I wish people would get it straight, despite what the Secretary of the Navy said at the
2011 Current Strategy Forum Focuses on Energy, U.S. National Security,
"We use too much fossil fuel . . .", thus,
. . .Secretary of the Navy Ray Mabus, described energy as the main vulnerability to U.S. national security in his keynote address.
No! No! No!
The problem is not that we use too much fossil fuel, the problem is that we have allowed ourselves to become dependent on
imported fossil fuel, despite sitting on the world's largest deposits of "fossil fuels."
It is the
importation of foreign oil that is a strategic issue, not their use. It's the long lines of commerce that bring oil to our shore that are vulnerable.

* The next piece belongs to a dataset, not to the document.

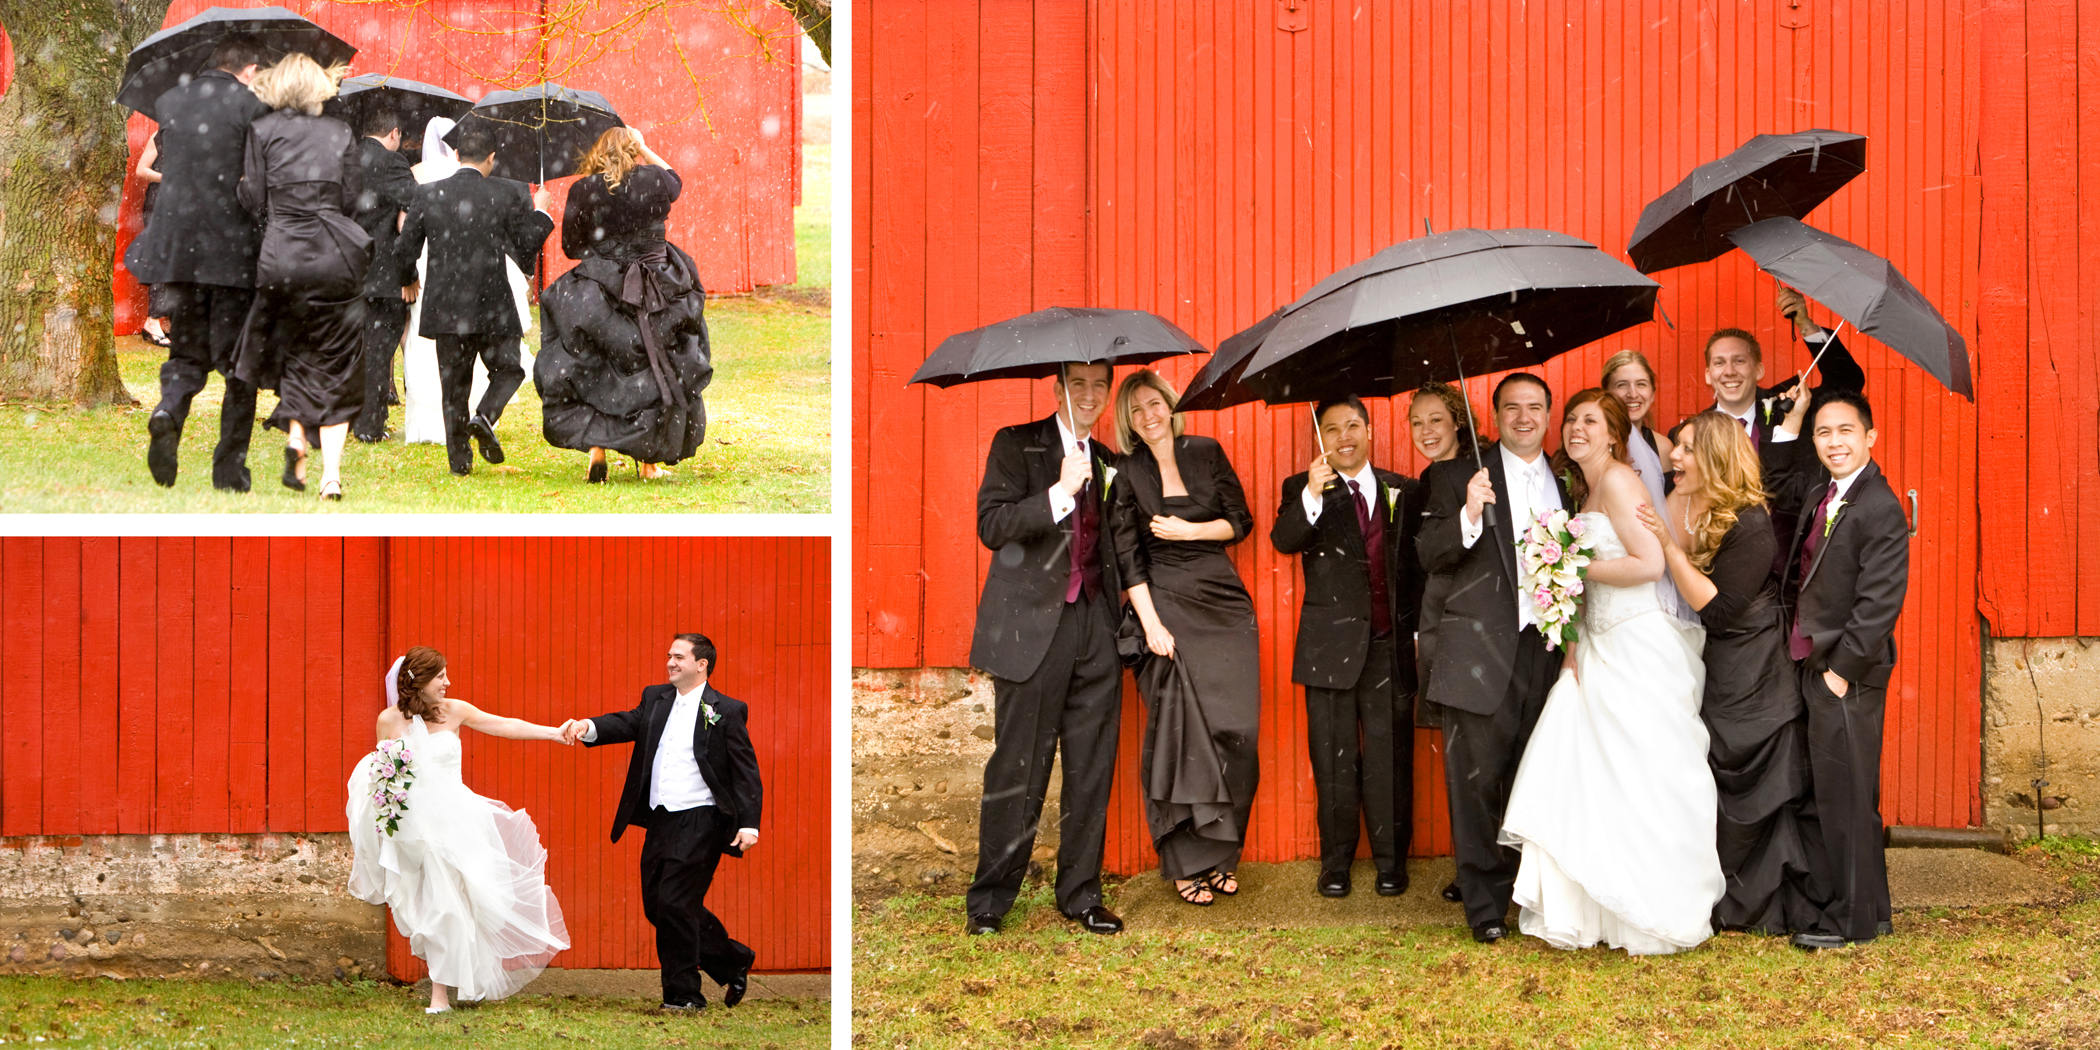 wedding-photography-Andrews-University-Berrien-Springs-Michigan_06.jpg

Lines that we can control or eliminate.
We import 51% of our oil, with 51% of that from the Western Hemisphere (thanks Canada (23.3%), Venezuela (10.7%) and Mexico (9.2%)). Only 17% of our oil comes from the Persian Gulf states. What would it take to make it a national strategic priority to replace that 17% with domestic supplies? And then reduce the flow from Venezuela?
The solution is not all that exotic. Instead of looking for "alternative" fuels as our primary energy sources, the emphasis should be on developing our known internal energy resources so that we eliminate the energy "vulnerability" identified by Mr. Mabus as soon as possible.Then we can chase windmills and solar fields and the like.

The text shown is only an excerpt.